The networking solution WiGig has developed is impressive, though its current state is better suited to the office than the home. Businesses that handle large files are often at the mercy of wired connections to rapidly move files between users. Though WiFi speeds are improving, and 802.11ac is finally starting to trickle out, maximum throughput is still achieved on GigE connections alone. Configuring a WiGig network over a bank of cubicles, though, would allow each client to receive greater than GigE speeds with just a few access points, and without interfering with other wireless products and devices. Wilocity’s solution uses 802.11ac as a fall back and when operating beyond line of sight, and does so seamlessly. 


D
isplay mirroring using a WiGig enabled dock and tablet.

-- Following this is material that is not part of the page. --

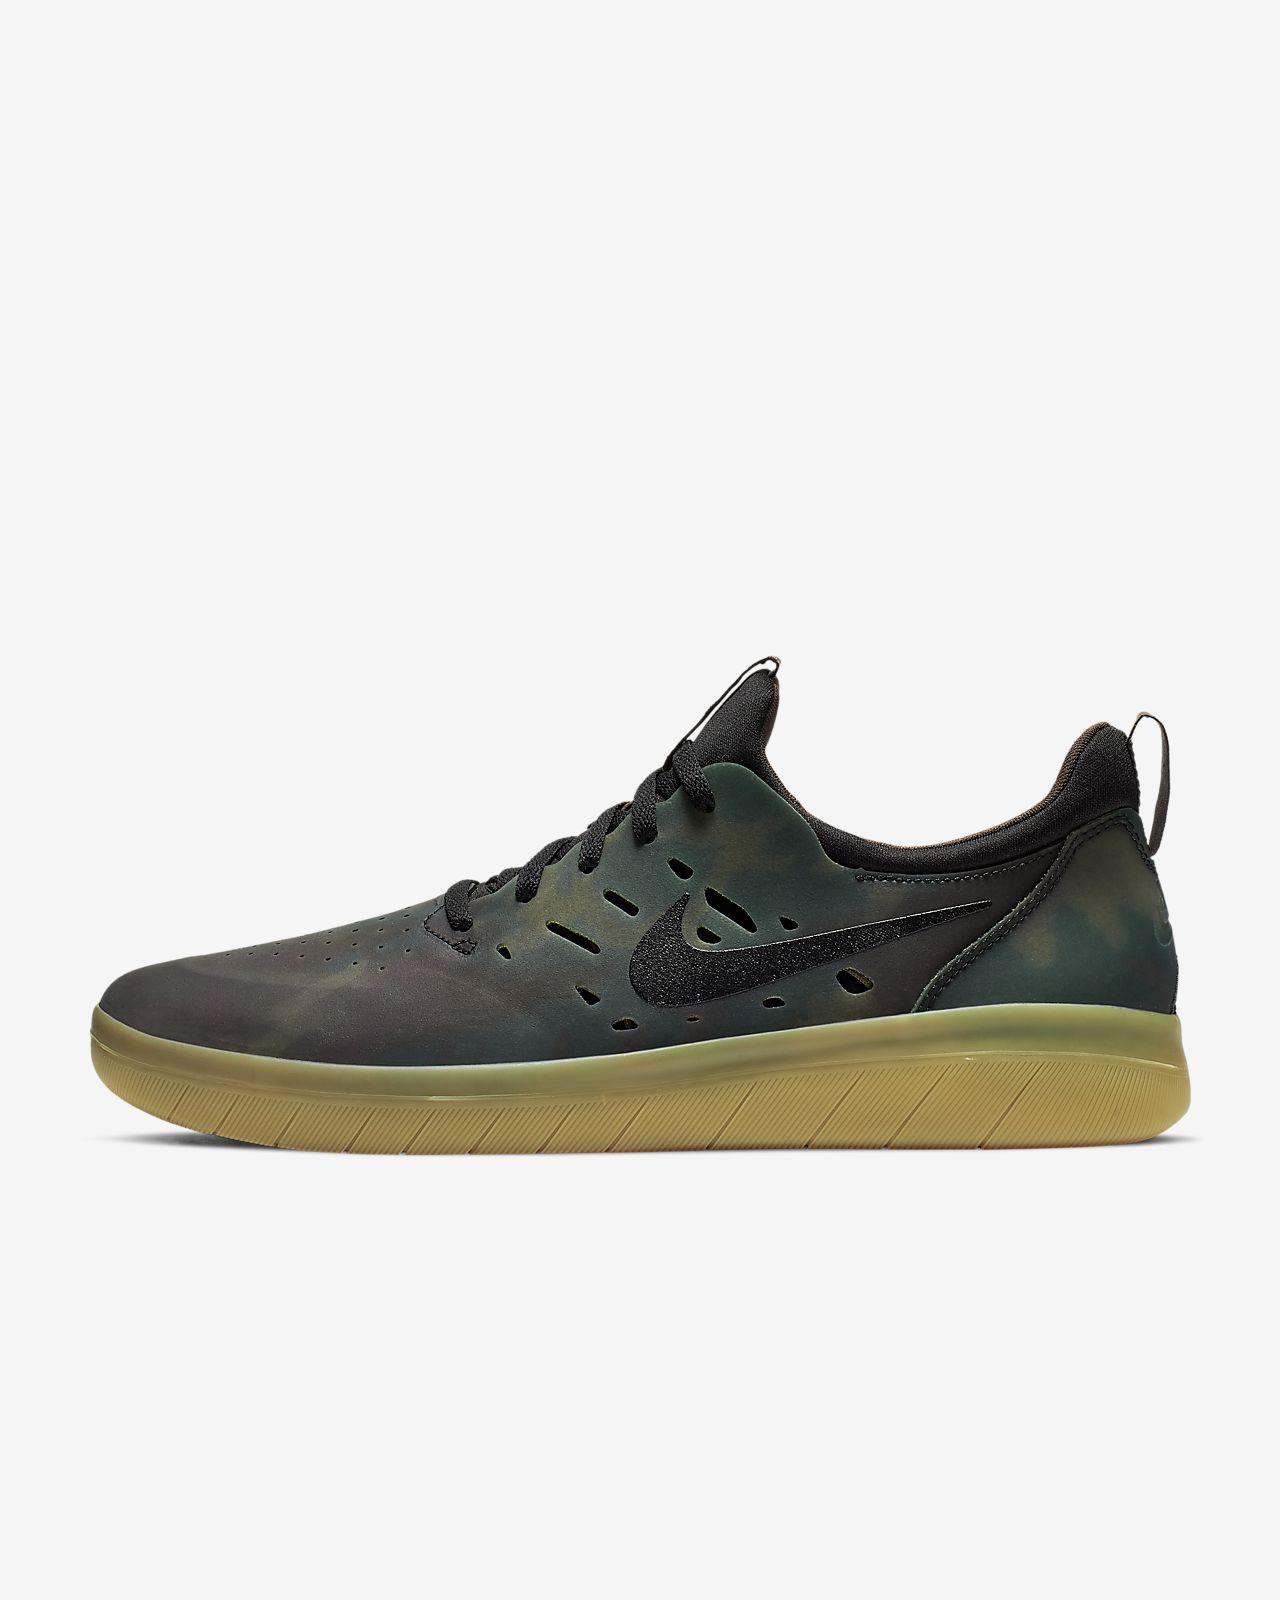 Buty do skateboardingu Nike SB Nyjah Free Premium
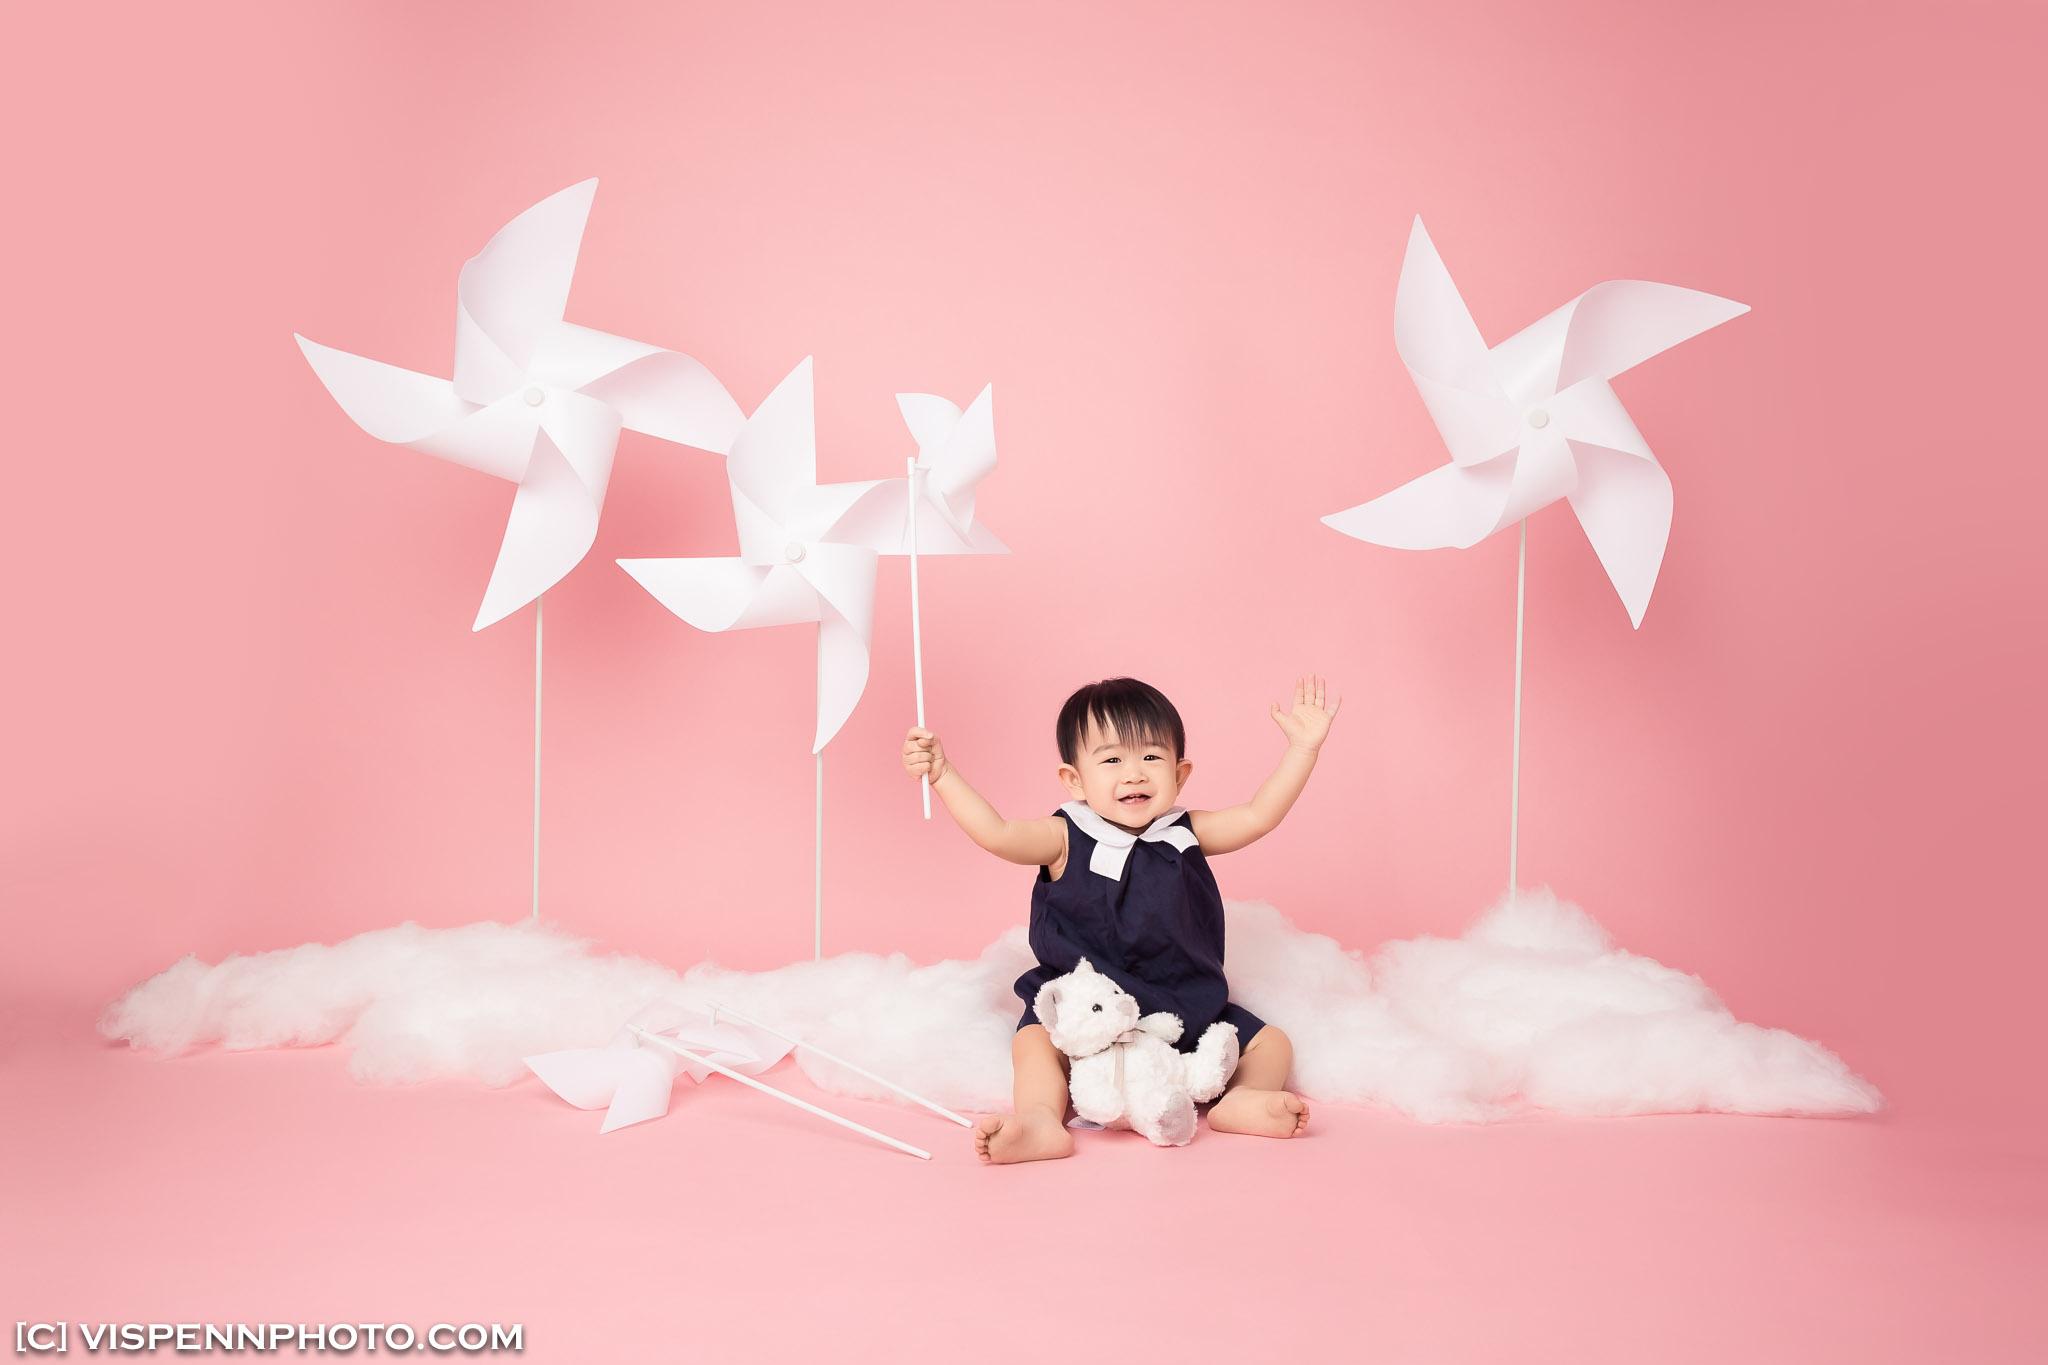 Melbourne Newborn Baby Family Photo BaoBao VISPENN 墨尔本 儿童 宝宝 百天照 满月照 孕妇照 全家福 KIDS TerenceCHEN 2661 VISPENN

That need for line of sight limits its appeal to closed environments, such as in the home, but as a value add, having an 802.11ac access point that also provides WiGig throughput in the same room as the router, there could be applications for media centers and home offices. 
 

In addition to the demos, Wilocity showed off its recently updated module (built in partnership with Qualcomm Atheros), now upgraded from 802.11n to ac, and featuring a new, smaller RF module that has 32 individual elements arranged in an almost omnidirectional fashion to improve performance. Marvell also has a new access point module, with 4x4 802.11n. Products featuring these module should be released this year, and the road map for the next few years continues this trend of improving service while shrinking the module size down further. Ultimately they would like to see a component small enough to be embedded in a handset. They expect the first WiGig equipped handsets to premiere in 2014, with mass production in 2015. For now, we’ll be on the look out for any WiGig devices that are ready to be run through their paces.